DATA SUPPLIED:
==========
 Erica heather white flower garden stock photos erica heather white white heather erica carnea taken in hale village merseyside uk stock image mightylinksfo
==========
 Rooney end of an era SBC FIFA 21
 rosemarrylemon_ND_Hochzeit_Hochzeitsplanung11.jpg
==========
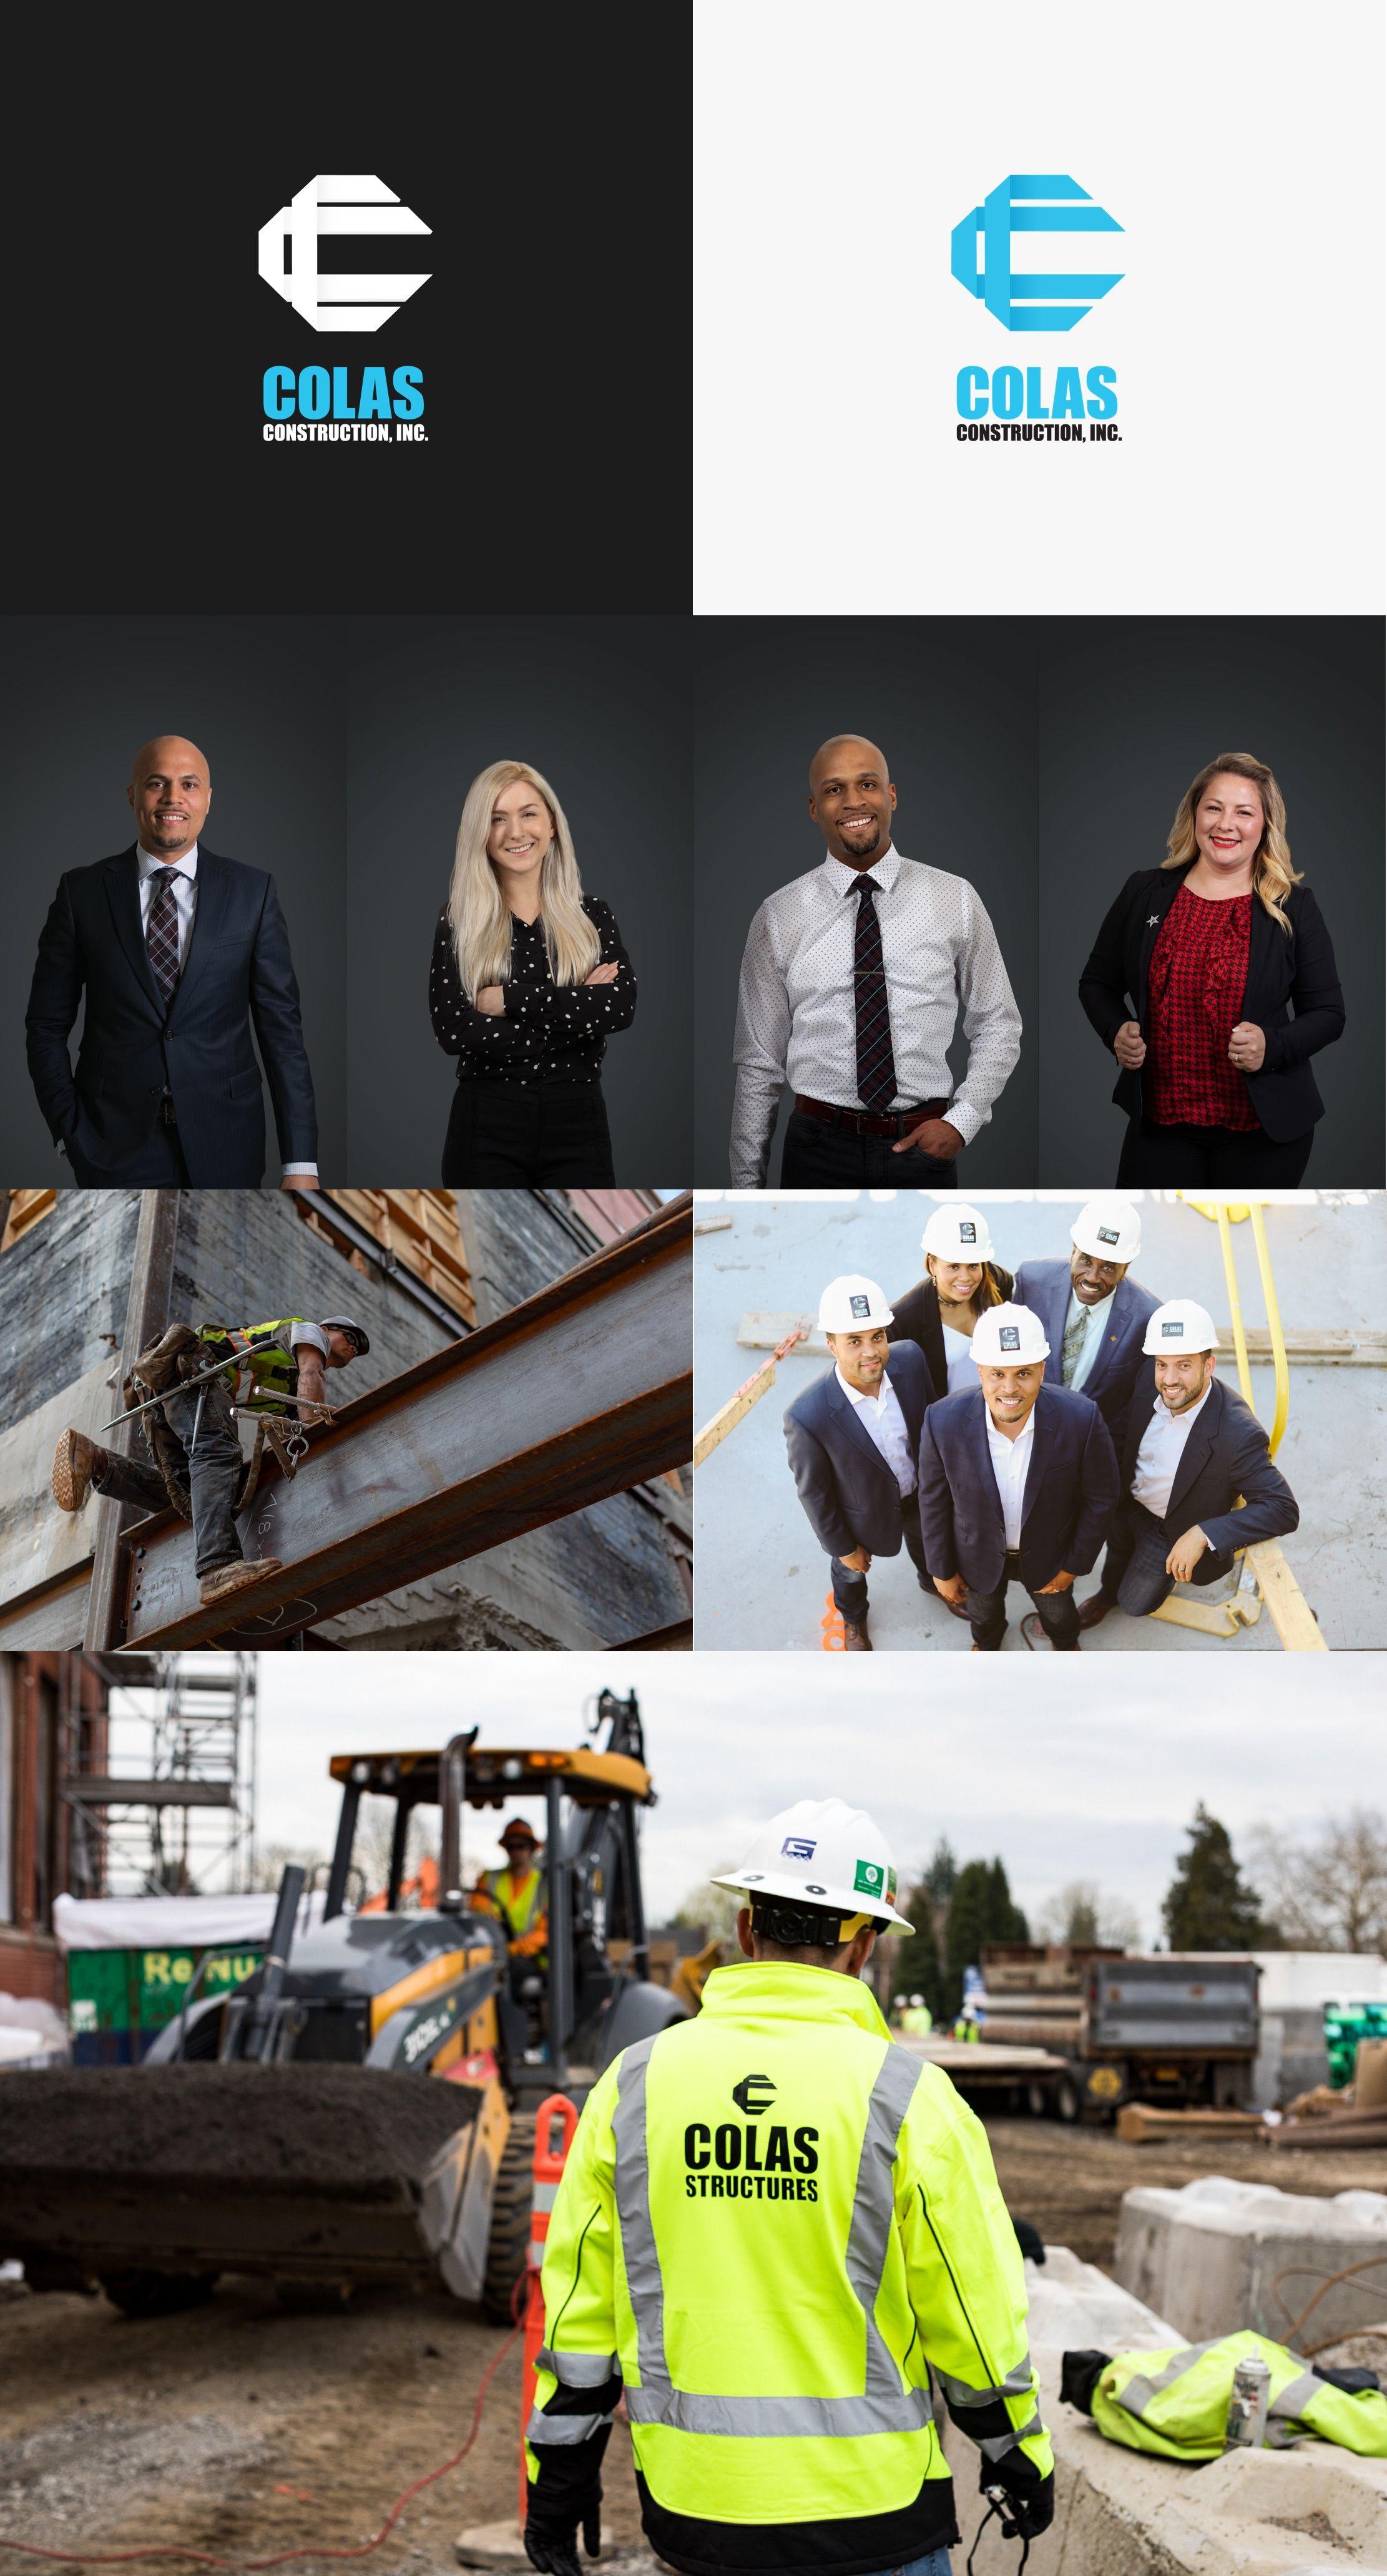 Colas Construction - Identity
==========
ACTIVITY: From the entries above, print the lines beginning at the one with "Rooney end of an era SBC FIFA 21" and stopping after the one with "rosemarrylemon_ND_Hochzeit_Hochzeitsplanung11.jpg", exactly as written and with nothing else.

SOLUTION TO THE PROBLEM:
 Rooney end of an era SBC FIFA 21
 rosemarrylemon_ND_Hochzeit_Hochzeitsplanung11.jpg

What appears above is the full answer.